Prevention of transoral thyroidectomy complications
The study suggests that those surgeons who are more familiar with robotic surgeries can carry out transoral thyroidectomy without causing many complications. The study was published in the journal Surgery.

This study analyzed the causes and prevention of transoral robotic thyroidectomy–specific complications and presented preventive measures.

The medical records of 423 patients who underwent transoral robotic thyroidectomy performed by a single surgeon were retrospectively analyzed. Patient demographic, clinical, and operative data were analyzed using descriptive statistics. Investigators describe the transoral robotic thyroidectomy–related complications experienced at the institution and how to overcome them.

--The general surgical complications included immediate postoperative bleeding and delayed hematoma. Chyle leakage and localized wound infection were found in 1 case each. Transient vocal cord palsy occurred in 4 cases, and 1 case developed transient hyperparathyroidism.
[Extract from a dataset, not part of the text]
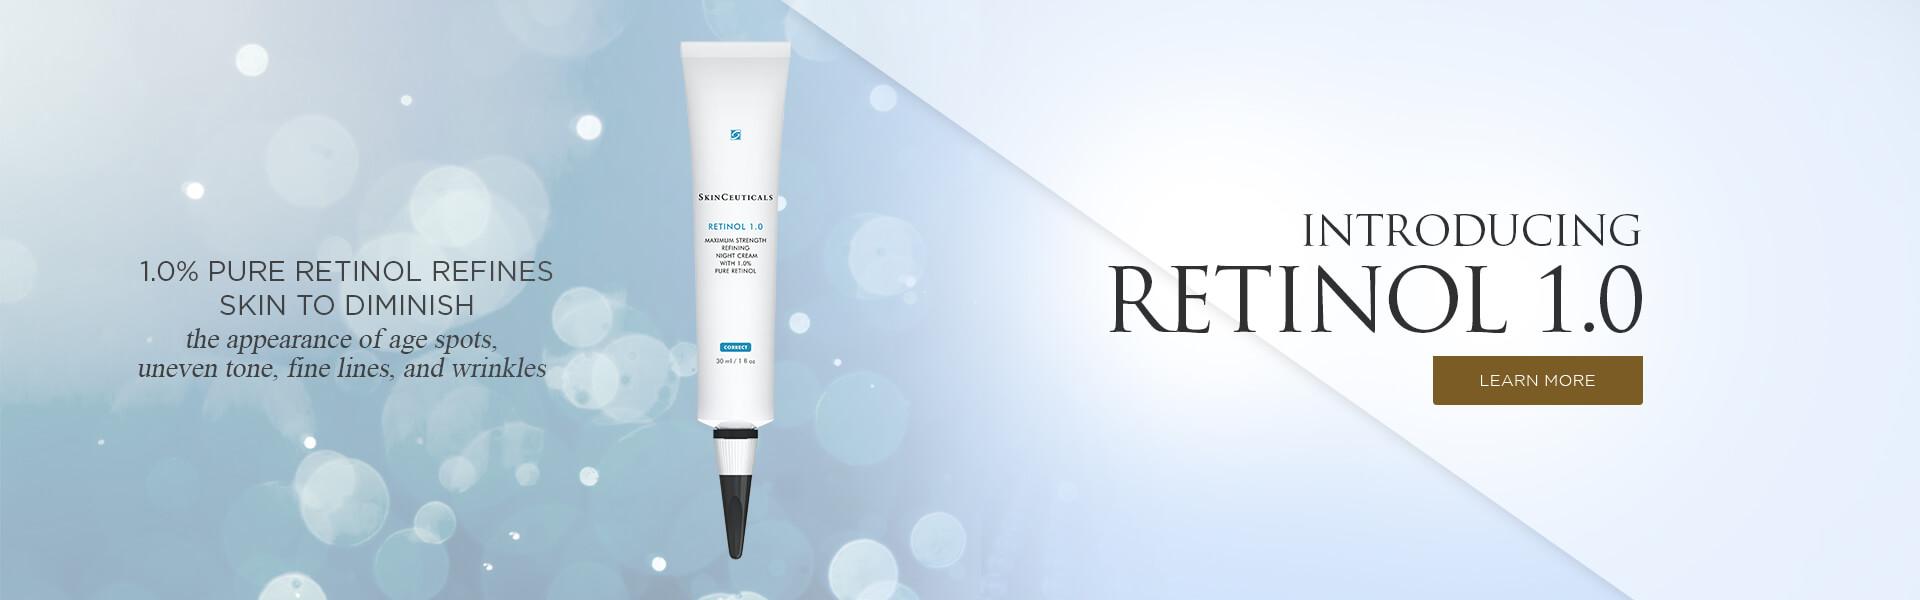 retinol-slider

--The transoral robotic thyroidectomy–specific complications included zygoma bruise, flap bruise, chin flap perforation, and oral commissure tearing.

--The complications occurring when creating the flap included flap burns, skin dimpling in the midline of the lower chin and hematomas in the intraoral trocar insertion sites.

In particular, surgeons familiar with thyroid surgery and experienced in robotic surgery can perform transoral robotic thyroidectomy without causing more complications than those seen with traditional surgery.